Птица счастья
Шрифт:
— А, тогда он Скряга. Это ему больше подойдет. Разве соколы прячут разные предметы? Может быть, он таскает цыплят?
— Я вижу, что мы по-разному понимаем чувство юмора, мистер Кэлхоун.
— Хотите сказать, что его у вас нет вообще?
Это замечание больно укололо Кортни, возможно, потому, что для нее это был щекотливый вопрос. Ей всегда хотелось легче относиться к жизни и быть более раскованной. Она холодно ответила:
— Эбенезеру нравятся блестящие металлические штучки: пуговицы, монеты, оловянные ложки. Все это он собирает в своем домике.
—
— Конечно, нет. Он прилетает и садится на подоконник в кухне, и я беседую с ним, и... — Увидев смеющееся лицо Джерета, Кортни осеклась и замолчала.
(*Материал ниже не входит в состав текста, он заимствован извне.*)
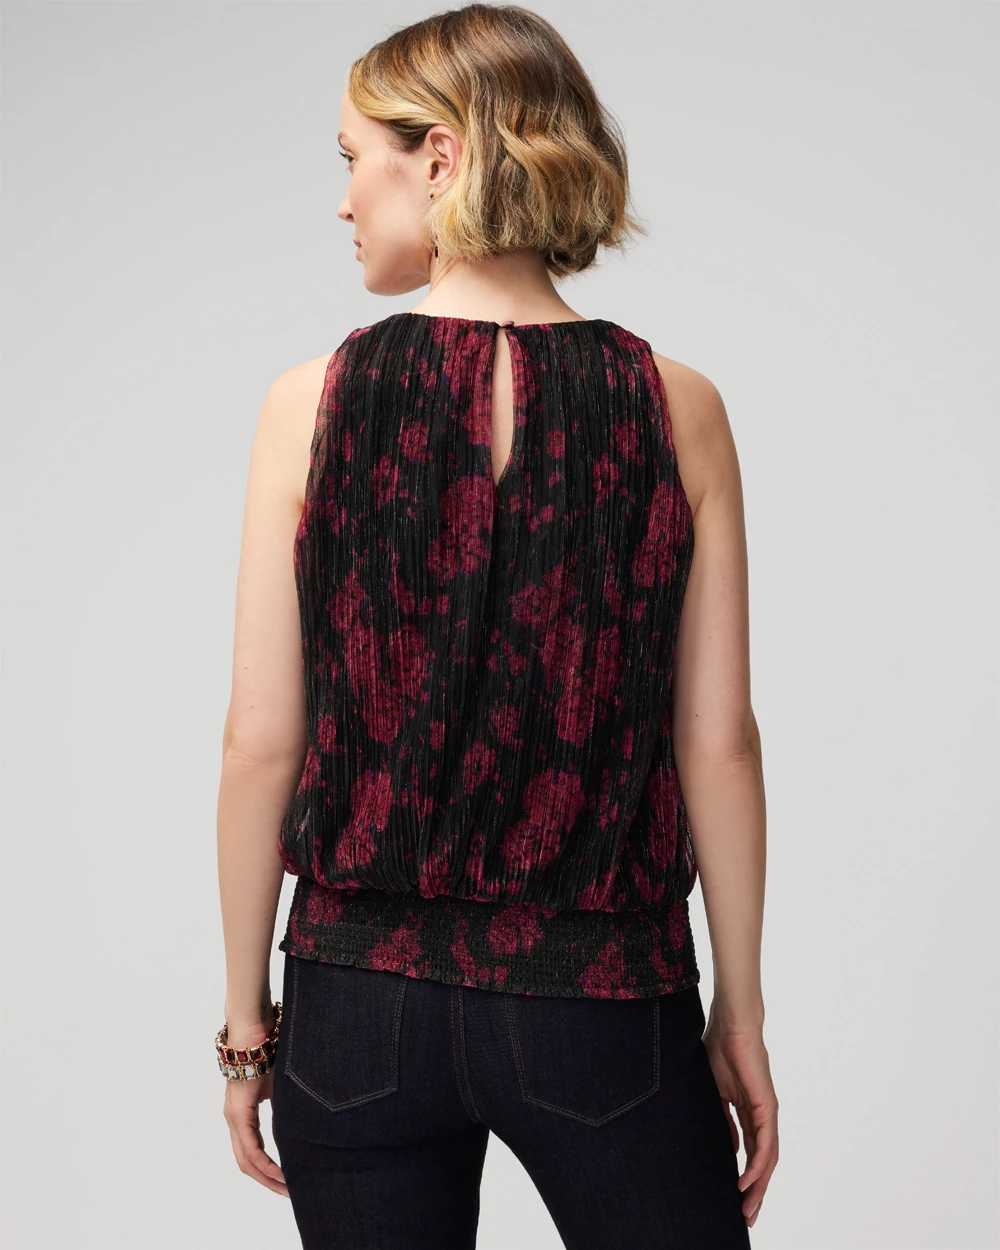 Printed Sleeveless Top click to view larger image.

— Пойду посмотрю, что там у вас есть из еды.
Она легко нашла кухню. Застекленные дубовые шкафы и полки сплошь были заставлены пустыми кастрюлями, цветочными горшками, старыми вазами, завалены газетами и садовым инструментом. Довершая беспорядок, над столом висел еще один абажур, сотворенный из колеса тележки. Занавески на окнах порыжели. И только одна стена была украшена строем блестящих медных кастрюль. Но несмотря на кавардак, пыльных углов и грязной посуды здесь не было. Дом Джерета Кэлхоуна был «чисто» захламленным.
Снаружи доносилось завывание холодного северного ветра. Кортни подумала о своем сыне Райане и забеспокоилась, тепло ли он оделся в школу и не замерзнет ли по пути от автобусной остановки до дома. Она вспомнила его огромные серые глаза, светлые волосы, постоянно выбивающиеся из-под красной шерстяной шапочки, худую фигуру в джинсах и голубой парке. «Да нет, подумала Кортни, пожалуй, он не должен замерзнуть».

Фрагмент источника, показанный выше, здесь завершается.